My one month old tank:

Specs:
Tank: 48"X18"16"
Lighting:8 26Watts CFL / 8 hrs a day
CO2 :2 lbs tank at 3 bps
Filtration: Via Aqua 750
FertsMDD 10 ml everyday

Plants:
anubias barteri coffeefolia
anubias barteri nana
anubias barteri nana petite
Anubias barteri barteri
anubias barteri broadleaf
anubias Minima
blyxia japopnica
Java fern
Windeløv
Crinum natans
Crinum Calamistratum
Hemianthus callitrichoides "Cuba" (immersed/submerged)
rotala rotundifolia green
Barclaya Longilifolia Red

Fauna:

Hundreds of Red Cherry Shrimps



Hemianthus callitrichoides "Cuba" (immersed/submerged),



my shrimp



The tank is under diatoms/brown algae attack,but very minimal.But aside from that,it's free from other algae bloom.I will put my bristlenose to help me remove those diatoms.


----------



## krisw (Jan 31, 2005)

Wow, that's a big stand of anubias! I like the use of blyxa japonica as a foreground plant. That might be hard to maintain longterm, but it looks nice now.


----------



## mikenas102 (Feb 8, 2006)

Holy anubias!! I like that tank. The only thing I would change if it were mine would be to get rid of that crinium in the middle. It just doesn't look like it belongs. Other than that I love it. You'll have to get used to pruning and replanting Blyxa though. It's going to grow like crazy.


----------



## lowell (Dec 15, 2005)

Thanks.I will try to remove the crinum.can you please give me an idea on what should I place there?can I put my barclaya there or maybe a echinodorus rubin?or you have any suggestion?


----------



## mikenas102 (Feb 8, 2006)

I think you should just continue the row of that rotala or bacopa or whatever that is to the right of the crinium. I see no need to have so many different species. In my opinion when you try to use too many different species a tank begins to look like just a plant collection instead of a scape.
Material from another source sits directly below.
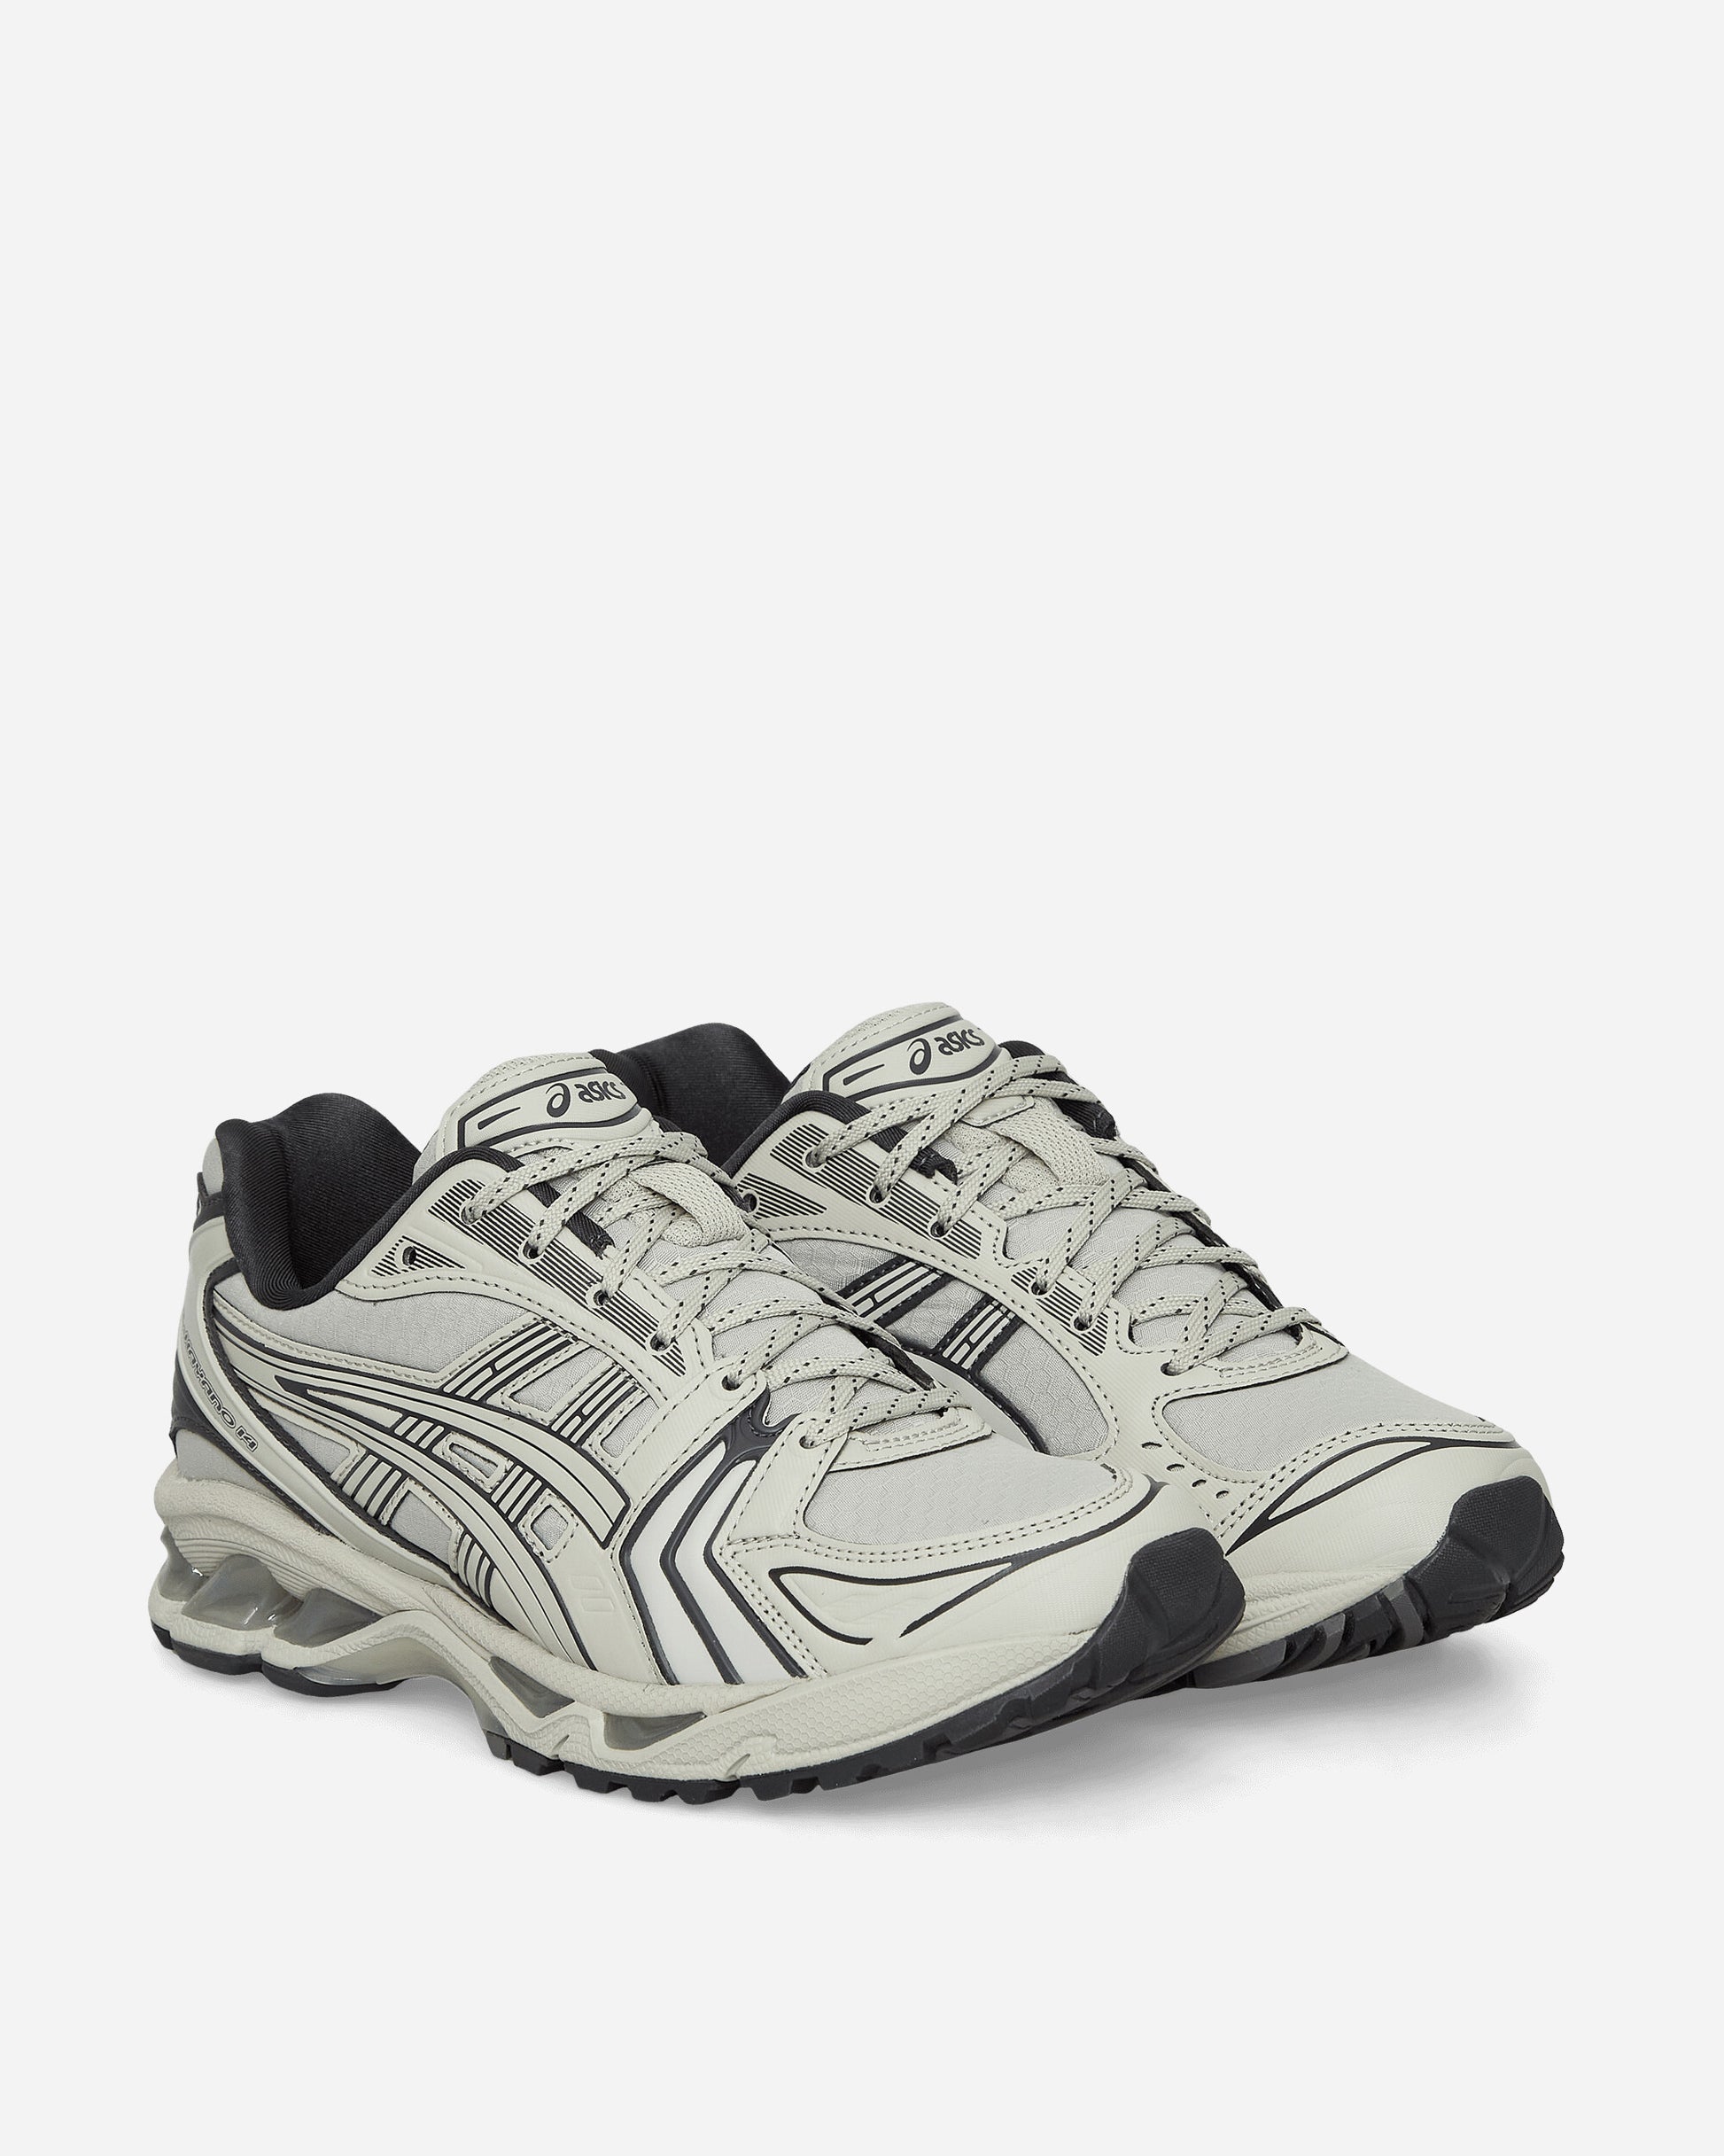 Asics Gel-Kayano 14 White Sage/Graphite Grey Sneakers Low 1203A412-020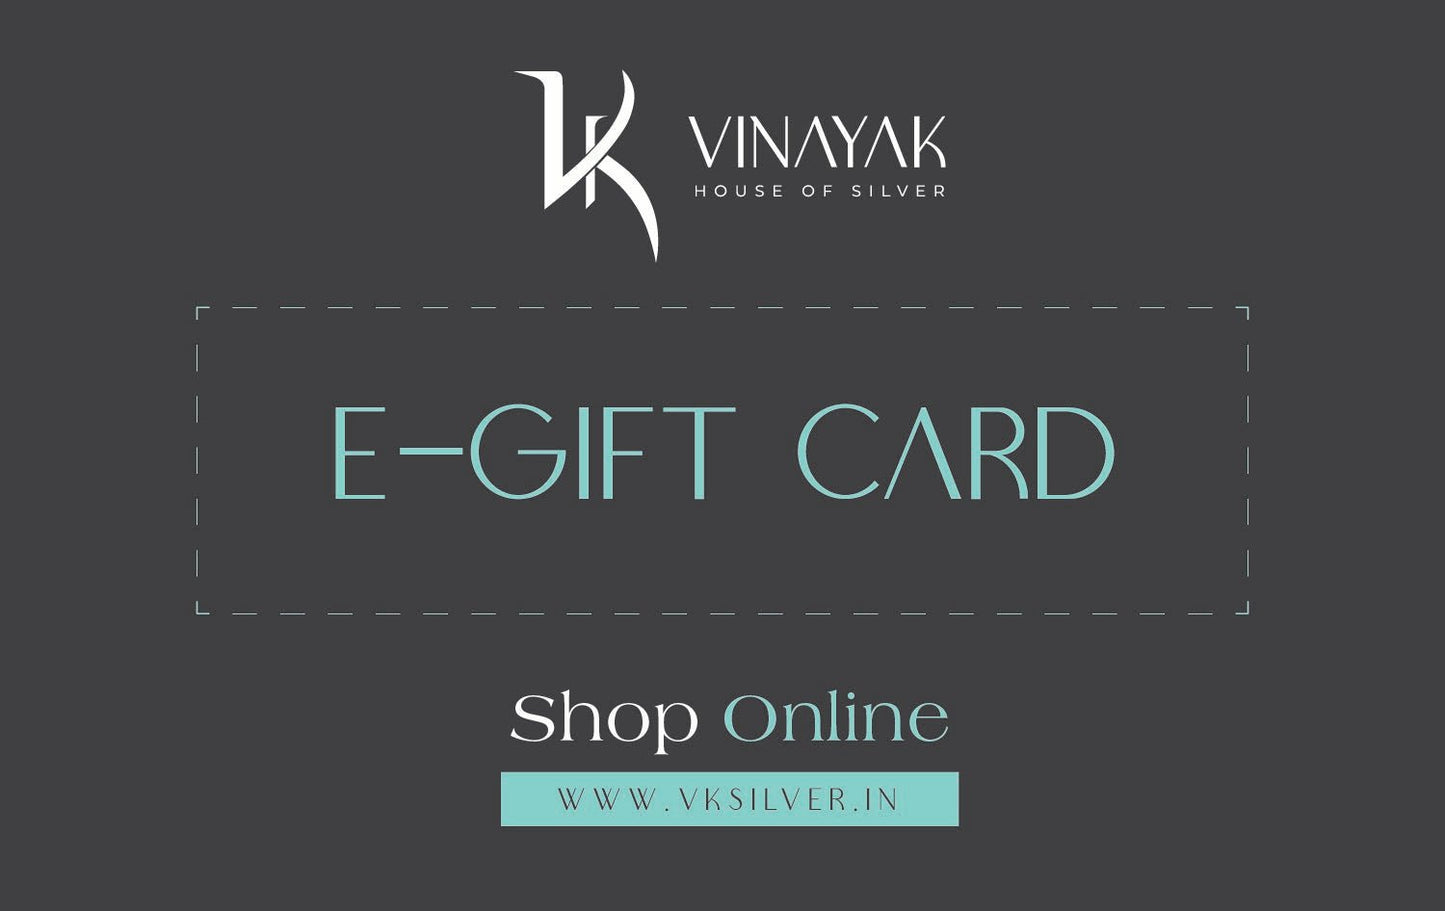 VK Silver E-Gift Card - Vinayak - House of Silver

Sometimes simple looks better.


----------



## lowell (Dec 15, 2005)

thanks mikenas102.will do that.will keep you posted.


----------



## Lady Elizabeth (Oct 28, 2004)

very nice tank


----------



## chadly (Dec 19, 2005)

pretty sweet! what did you tie them all to?


----------



## lowell (Dec 15, 2005)

Lady,your here?


----------



## lowell (Dec 15, 2005)

thanks chadly.I used string to tie them to a 26" X 13" driftwood.


----------



## lowell (Dec 15, 2005)

other pics.

my anubias tree



cherry shrimp near my pelia



rock size 12" x 7" x 8",looks small due to the size of blyxa


----------



## Lady Elizabeth (Oct 28, 2004)

lowell said:


> Lady,your here?


yes  cute cherry


----------